#### EXTRACTED RECORDS
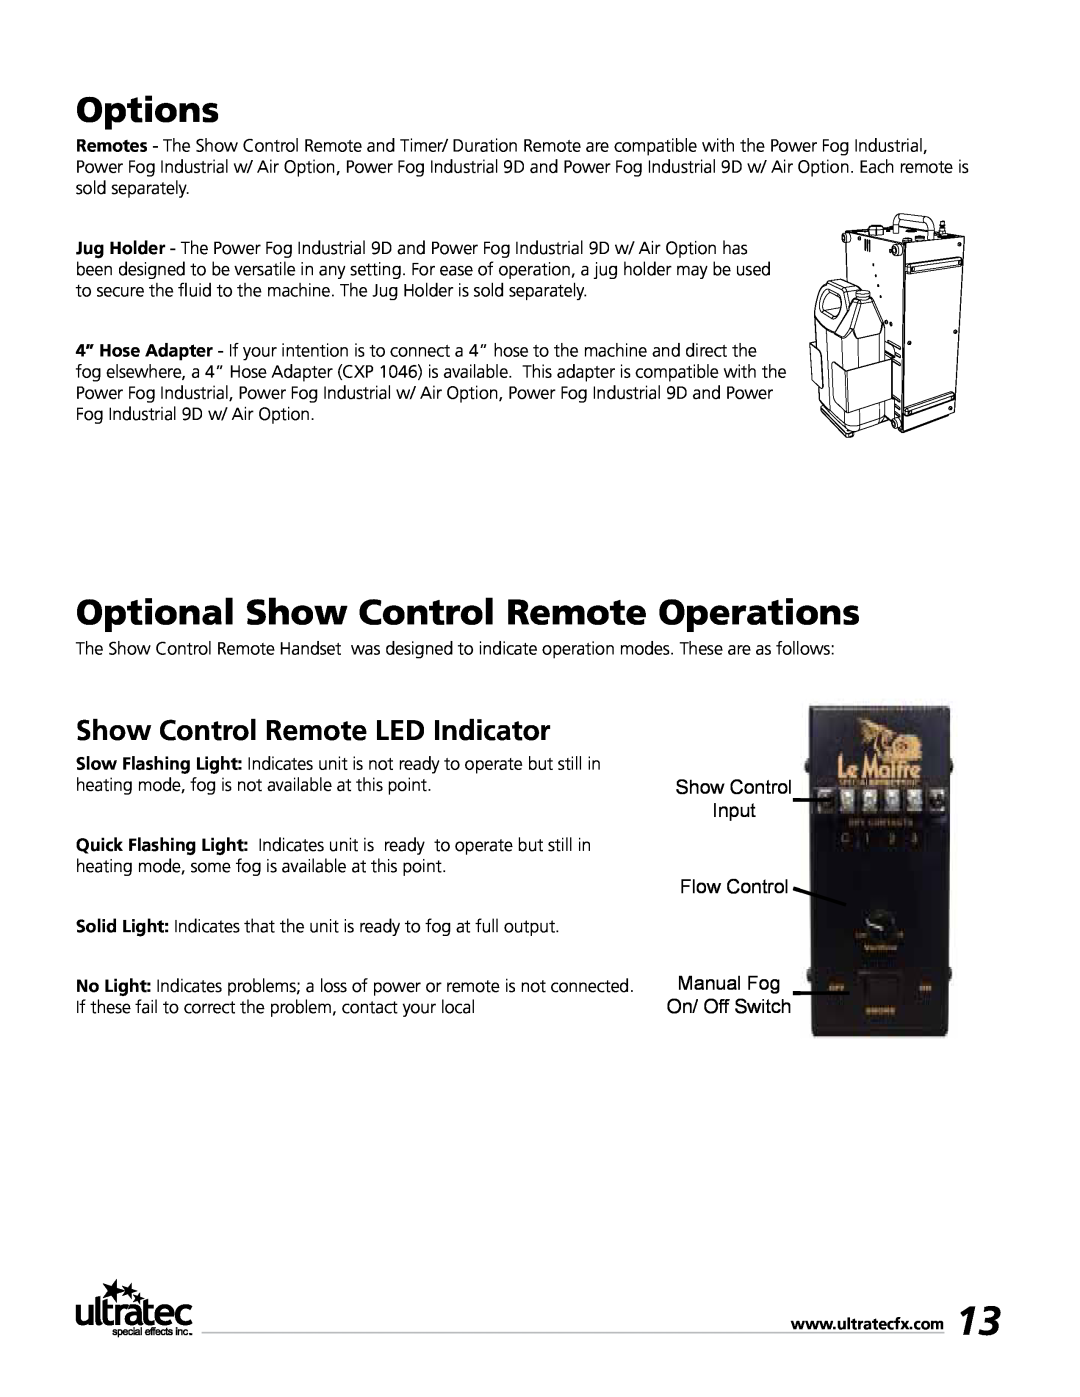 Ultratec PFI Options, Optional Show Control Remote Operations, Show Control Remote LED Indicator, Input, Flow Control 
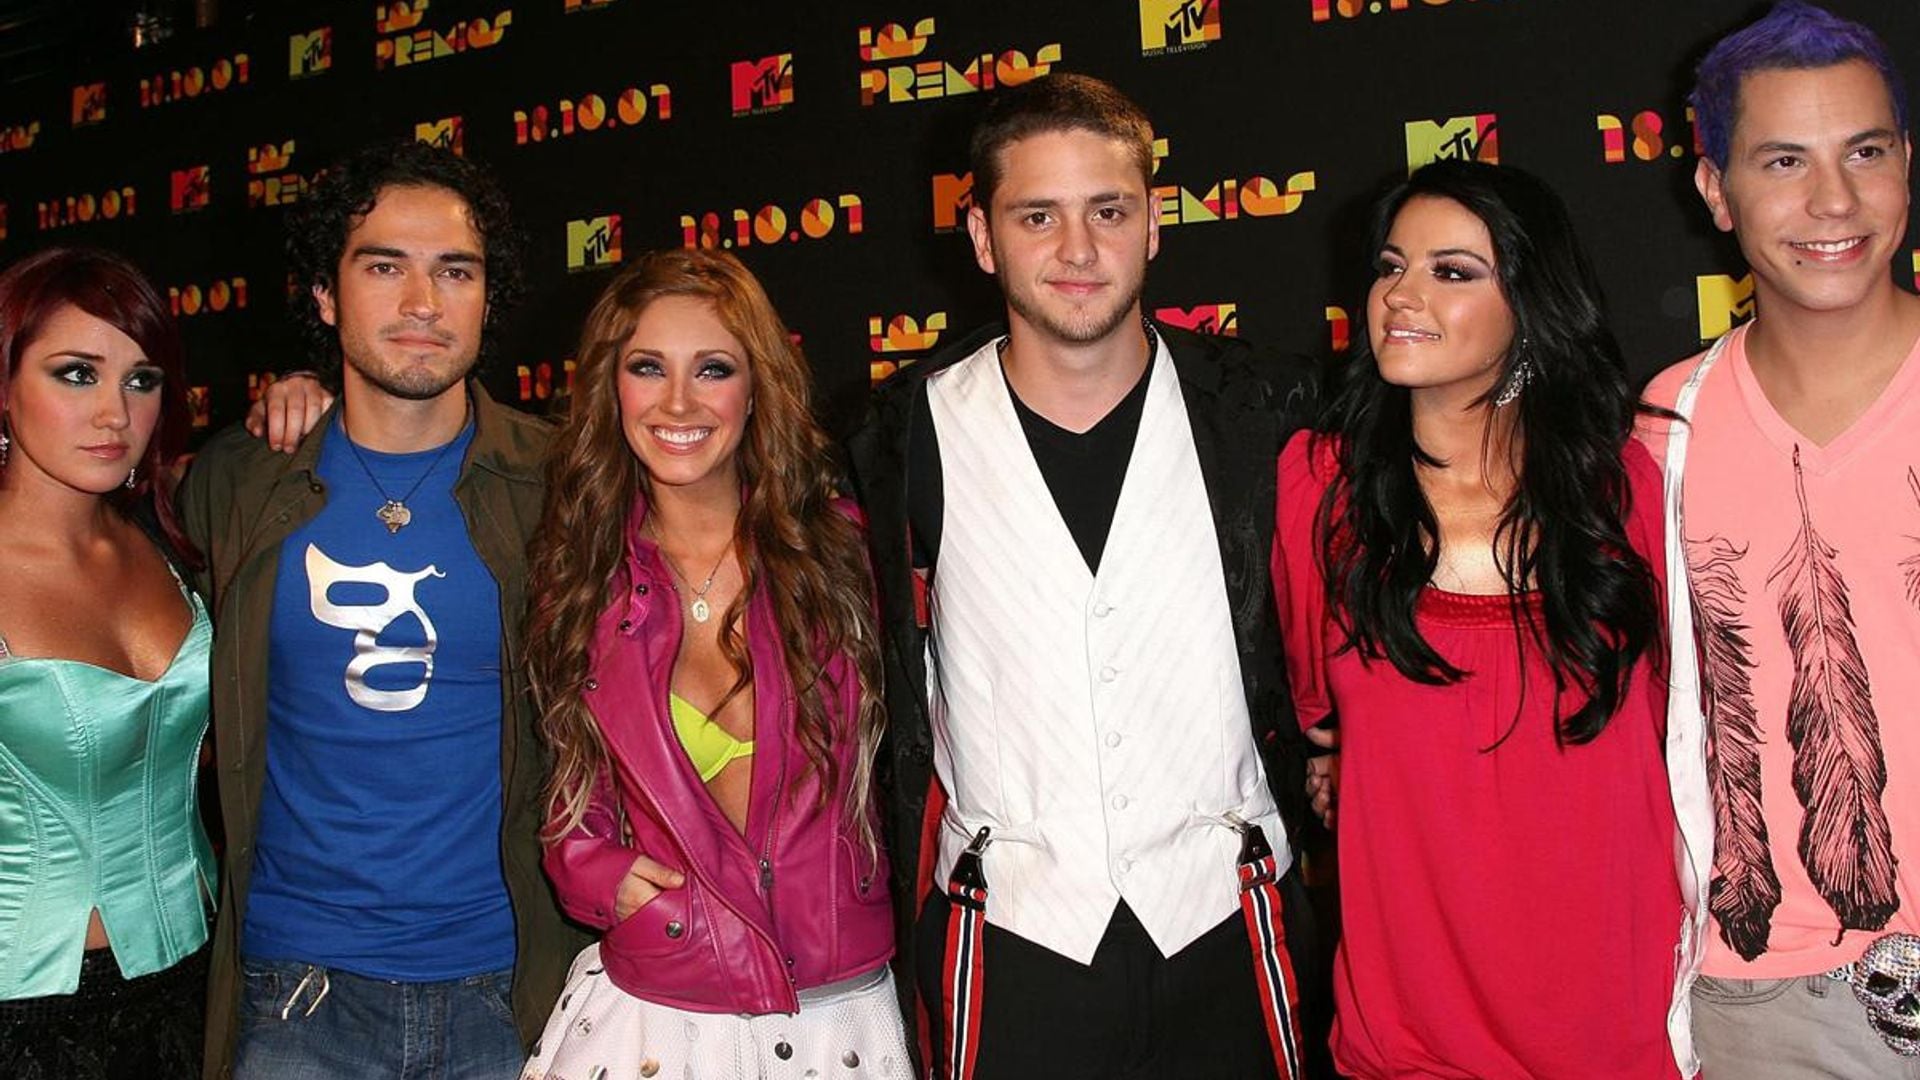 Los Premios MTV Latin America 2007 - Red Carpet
########
#### EXTRACTED RECORDS
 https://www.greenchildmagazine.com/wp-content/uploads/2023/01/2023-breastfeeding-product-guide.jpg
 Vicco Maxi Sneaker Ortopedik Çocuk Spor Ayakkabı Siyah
########
#### [REQUIRED ACTION]
Exactly as written above, retype the lines starting at the one holding "Ultratec PFI Options, Optional" and ending at the one holding "Los Premios MTV", both included, but not the pictures.

#### [WRITTEN RESPONSE]
 Ultratec PFI Options, Optional Show Control Remote Operations, Show Control Remote LED Indicator, Input, Flow Control 
 Los Premios MTV Latin America 2007 - Red Carpet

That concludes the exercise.